Contributors:
Valentina Sintsova and Pearl Pu
Description:
We make available six emotion lexicons produced using the Dystemo framework and designed to recognize emotions within the domain of sport events. The construction process involved pseudo-labeling of unlabeled within-domain data (Olympic tweets) with emotions based on the application of initial emotion lexicons. The shared six lexicons were trained with Balanced Weighted Voting and PMI-based methods, while initialized from different initial lexicons (either GALC-R, OlympLex-1.1, or PMI-Hash). They were trained with the optimized parameters for each case.
More details on the construction of those lexicons can be found in:
Valentina Sintsova and Pearl Pu. Dystemo: Distant Supervision Method for Multi-Category Emotion Recognition in Tweets. ACM Transactions on Intelligent Systems and Technology (TIST), 8(1):Article No.13, 2016
Contributors:
Valentina Sintsova and Pearl Pu
Description:
This emotion lexicon was designed to recognize emotions in the domain sport events. More specifically, it was constructed via human computation using the Twitter data collected from the Olympic Games 2012 in Gymnastics. The used tweets contained the hashtag #gymnastics. The labeled tweets are provided in section Sports-Related Emotion Corpus (SREC) below.

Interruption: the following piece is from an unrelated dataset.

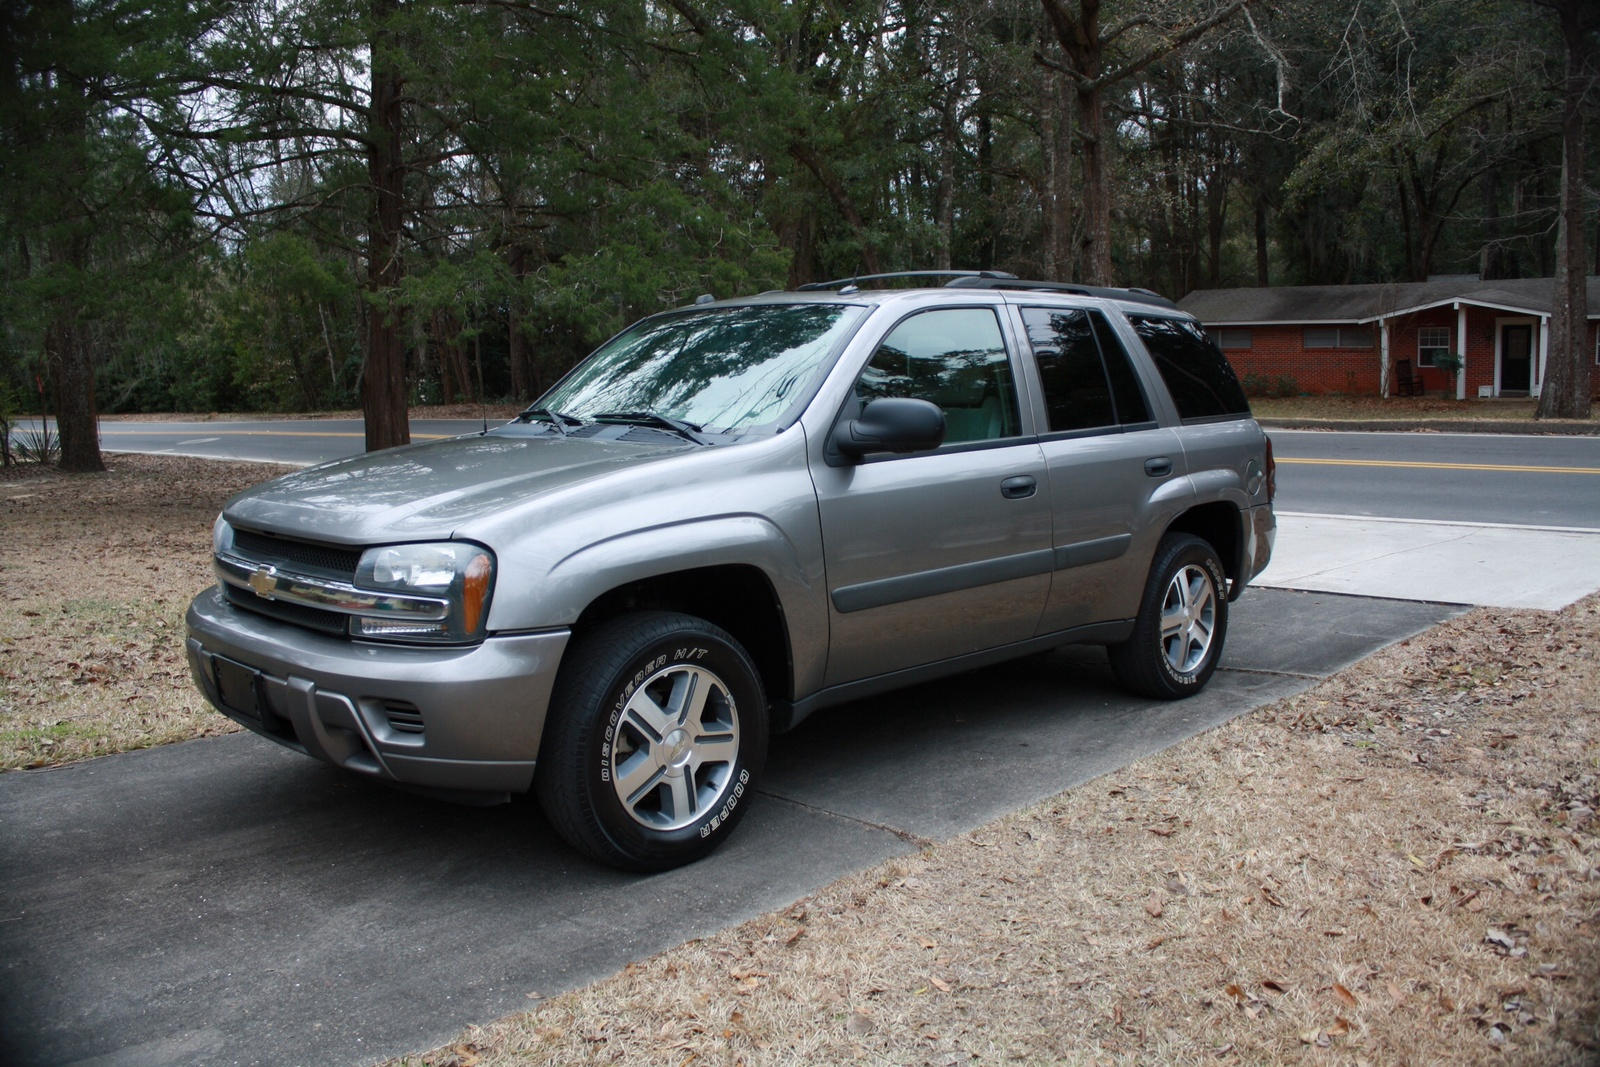 2005 Chevrolet Trailblazer Pictures Cargurus

More details on the construction process of the lexicon can be found in:
Valentina Sintsova, Claudiu Musat, and Pearl Pu. Fine-Grained Emotion Recognition in Olympic Tweets Based on Human Computation. In Proceedings of the NAACL/HLT Workshop on Computational Approaches to Subjectivity and Sentiment Analysis (WASSA), ACL, 2013.
We distribute two version of this lexicon:
– Version 1.0, the original one, created as explained in the WASSA paper;
– Version 1.1, where we removed ~100 terms that are not seen as indicative of specific emotions and can often be factual. ‘Event’, ‘women’, and ‘today’ are examples of removed terms. This was done by manual exploration of the most occurred terms in our data (i.e. not all terms in the lexicon were checked).

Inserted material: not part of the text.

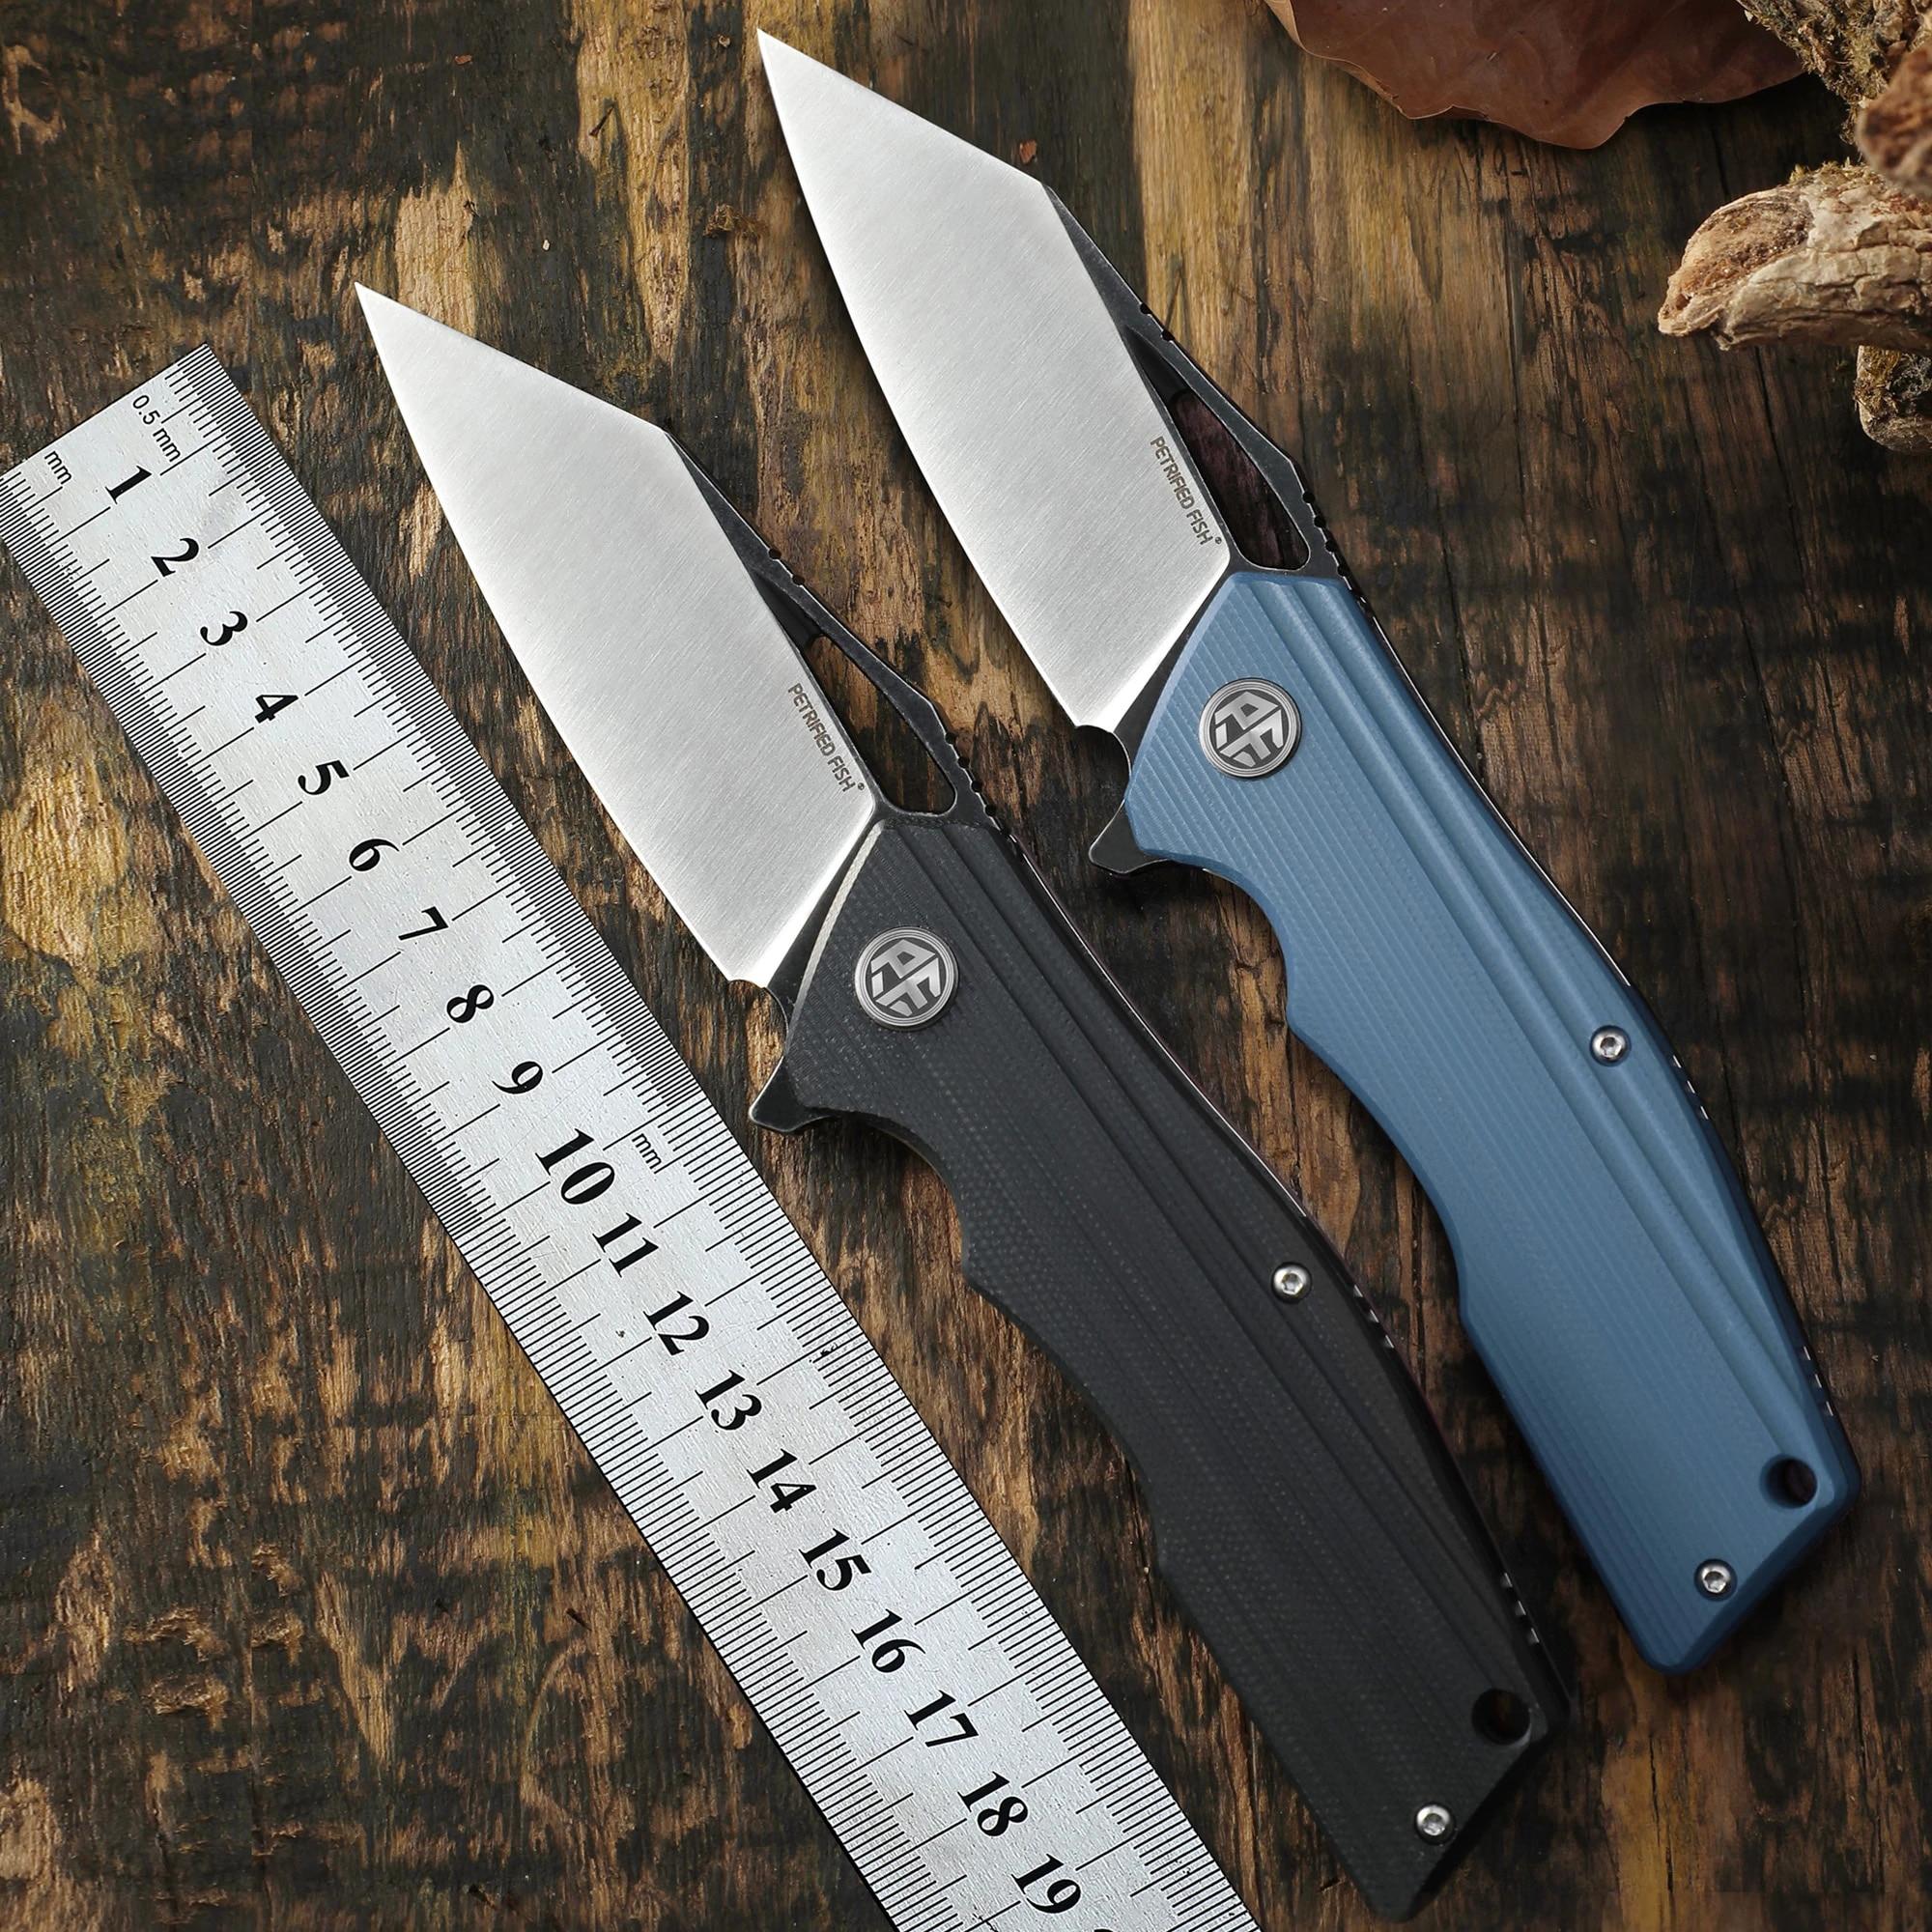 الأصلي 929 سكين للفرد الأسماك المتحجرة D2 شفرة فولاذية سكين صيد G10 مقبض في الهواء الطلق تسلق الجبال EDC أداة هدية السكاكين

In both versions, the lexicon terms are n-grams up to 5 consecutive words. Each term has an assigned emotion distribution in terms of GEW 2.0 category set.
Contributors:
Valentina Sintsova and Pearl Pu
Description:
We generated this lexicon by extracting the PMI-scores of the association of terms to each emotion over the pseudo-labeled dataset of tweets with emotional hashtags. This PMI-based method of training emotion lexicons was described in:
Saif M. Mohammad. #Emotional Tweets. In Proceedings of the First Joint Conference on Lexical and Computational Semantics and the Sixth International Workshop on Semantic Evaluation, 246–55, 2012.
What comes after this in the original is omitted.